Age of Survival Series | Book 2 | Age of Panic
Page 10
The first thing Grossman did when he got home was start a pot of water boiling on his camp stove, then he peeled out of his cold, wet clothes. After getting dressed, he was tempted to make a full-strength cup of mud to help warm up the insides. Picking up the can of grounds, he knew that anything more than the quarter-strength he’d been rationing himself would be an inexcusable extravagance, even with the miserable day he was having. As he looked at the word “coffee” written on the list on his useless hulk of a refrigerator, he mentally cursed whoever had attacked the country for hitting it two days before his weekly grocery run.
After stretching out his cup of weak, brown water as long as he could justify, Grossman grabbed his raincoat and a hat and stepped outside.
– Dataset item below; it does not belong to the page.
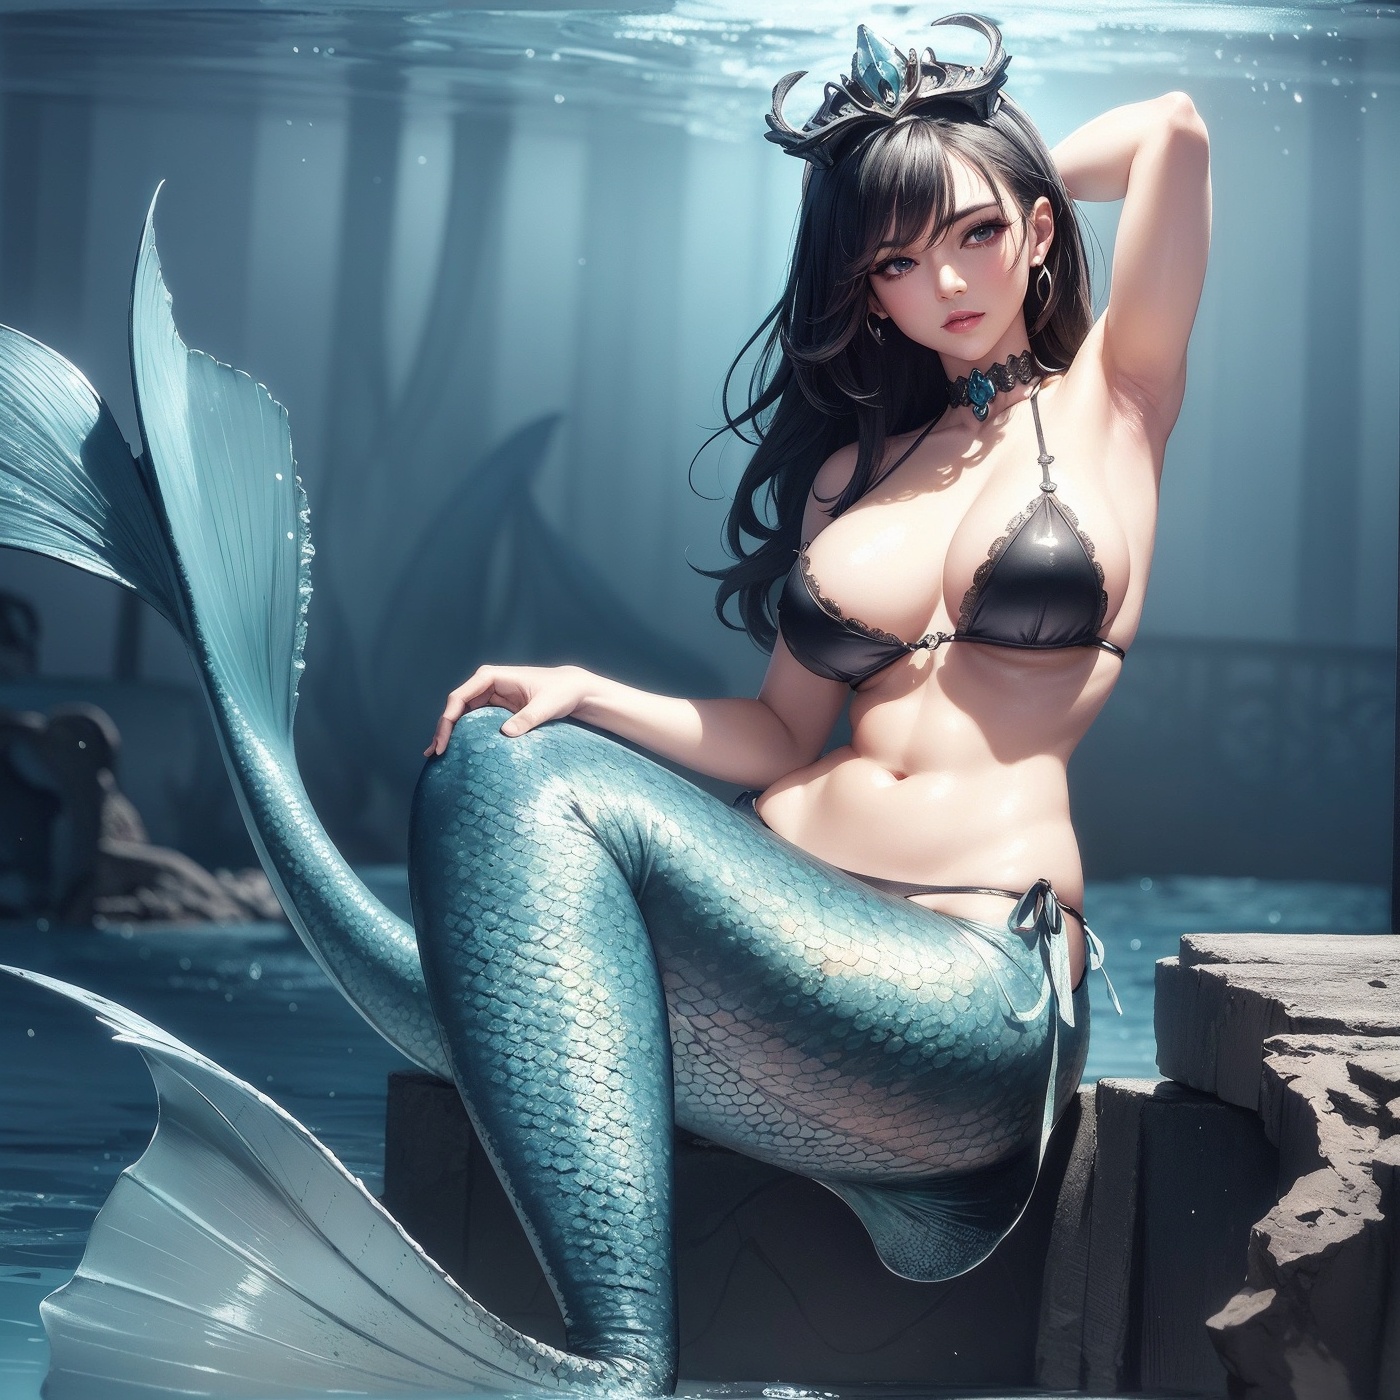 girls-with-large-breasts-Ocean-mermaid-II

The strong wind at the leading edge of the storm had stopped and the rain had eased up quite a bit while he’d been inside, but it was still coming down steady. The more direct route to the town hall was along the main highway through town. By cutting parallel to it, he could take two residential blocks with nice, big trees that arched over the sidewalks and street, providing a little more cover from the rain and freeing him from having to wrangle both his cane and the umbrella.
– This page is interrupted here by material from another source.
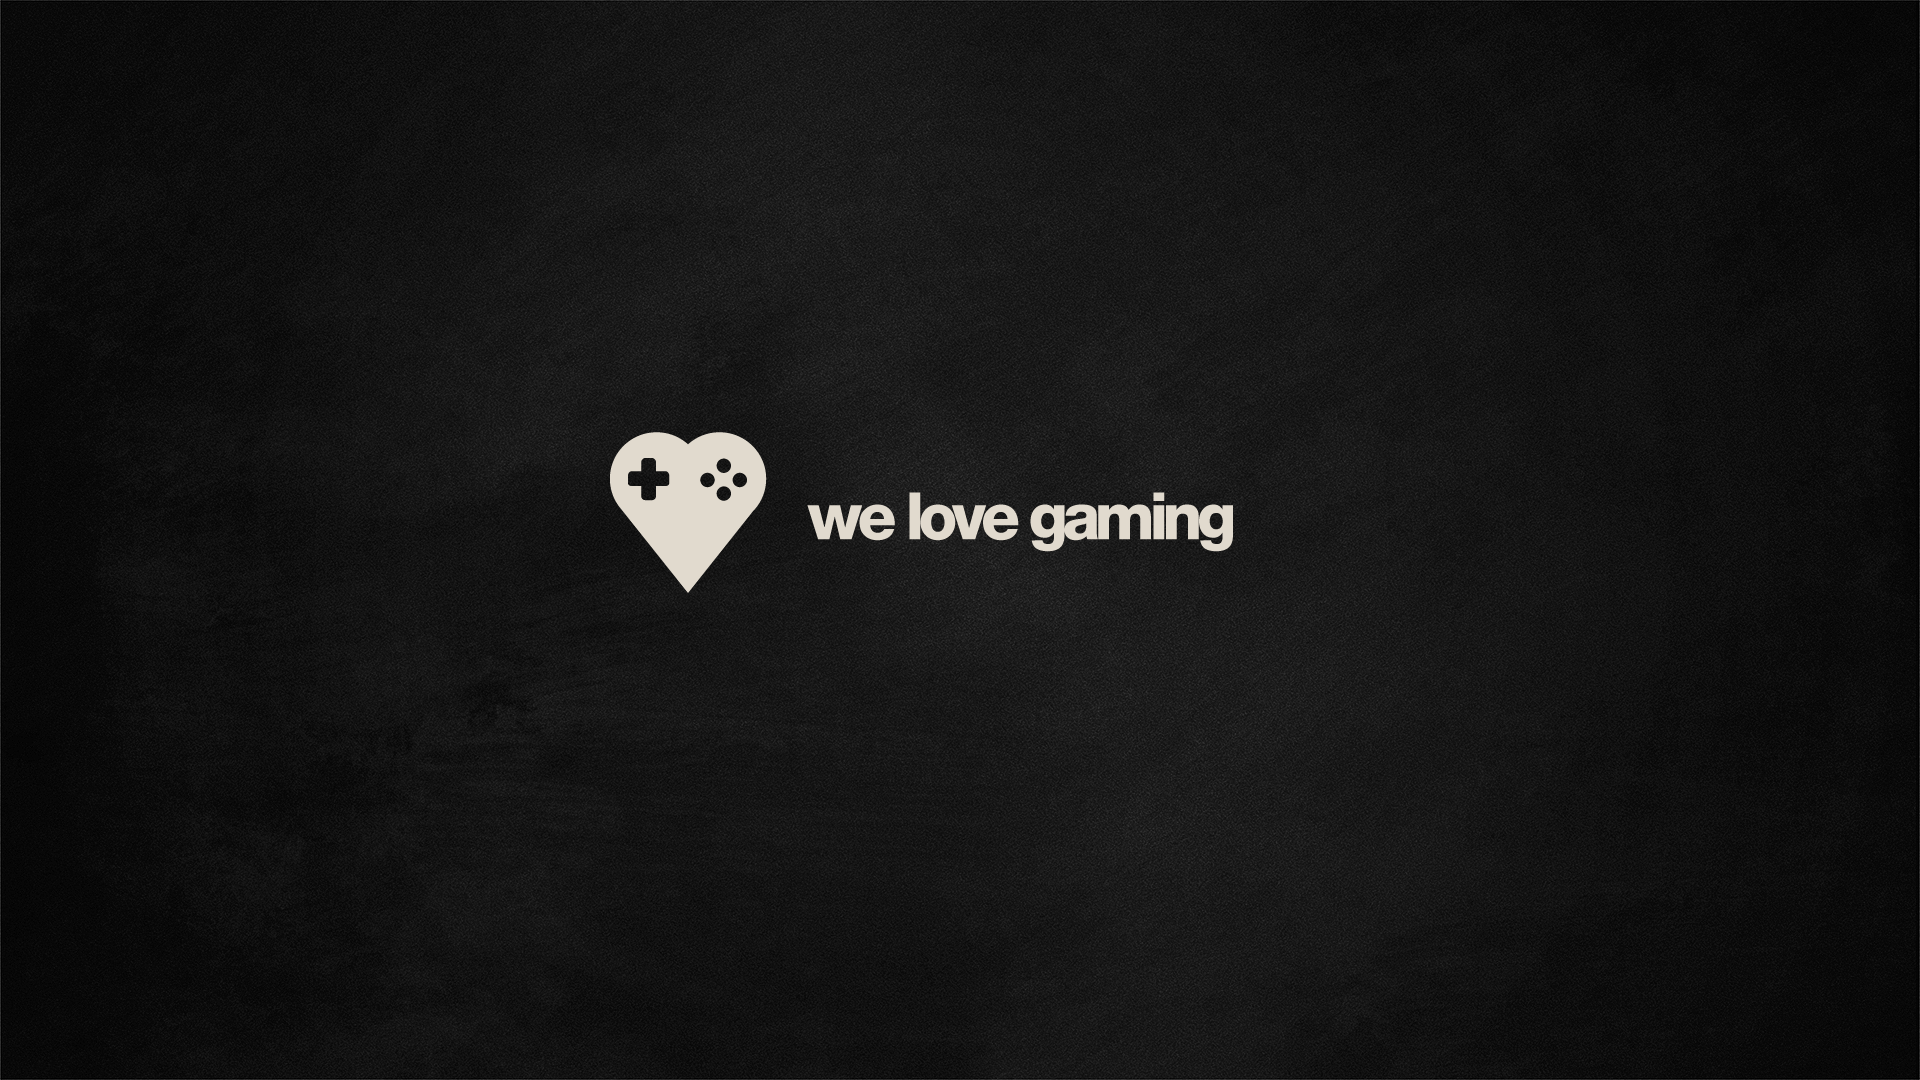 Обои с логотипом We Love Gaming (1920x1080) - Обои - Игры

Knowing that he’d been gone more than the few minutes he’d asked Berkman to cover for him, Grossman stepped it up while he took the longer route. As he rounded the corner onto the main street of Bowman, he stopped dead in his tracks. One of the regular deputies, two of the new ones, and three of Prange’s soldiers were standing outside of the main grocery store, weapons out. Across the street, it looked like a similar party was just walking into a restaurant. Squinting to see into the rainy distance, it looked like another crew was collecting at the pharmacy.
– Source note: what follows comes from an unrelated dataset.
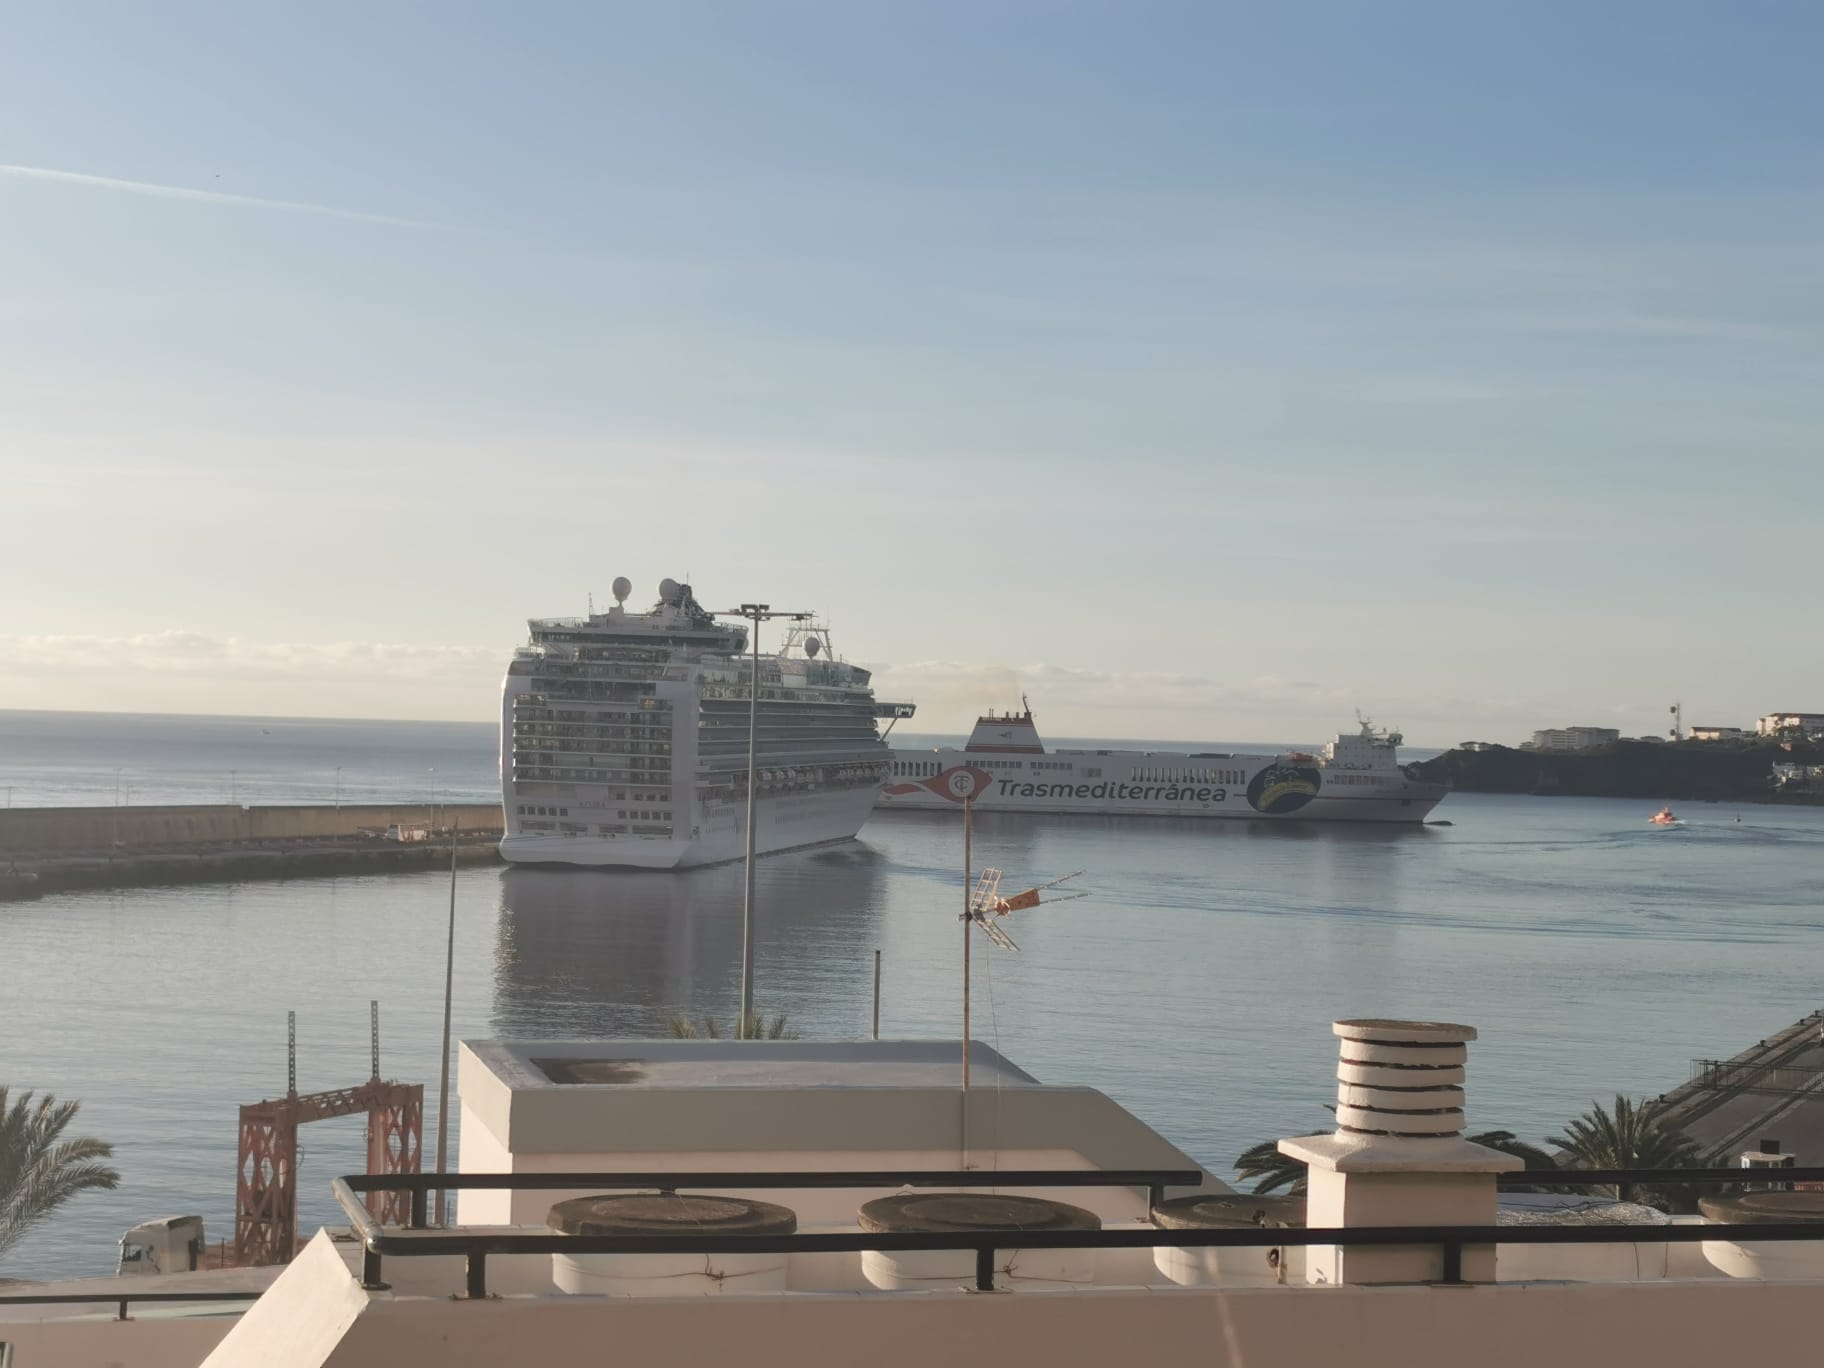 FEDEPALMA muestra su rechazo por la cancelación de la escala del MSC Seaview en el puerto de Santa Cruz de La Palma

He looked left and saw camouflaged, armed men right in front of his house.
Taking a quick survey of his surroundings, Grossman backtracked his route at a fast block and cut through a couple of backyards to Ginger Harlowe’s house. She was the school science teacher, and had been of immeasurable help to both the town and him since the Event. She’d stepped up to organize a messenger network of middle and high school students to help the town communicate. She’d also run a lot of interference for him, personally, setting up a little retreat in the supply closet behind her classroom where he could duck away if he needed a little time alone or some rest where nobody would think to look for him.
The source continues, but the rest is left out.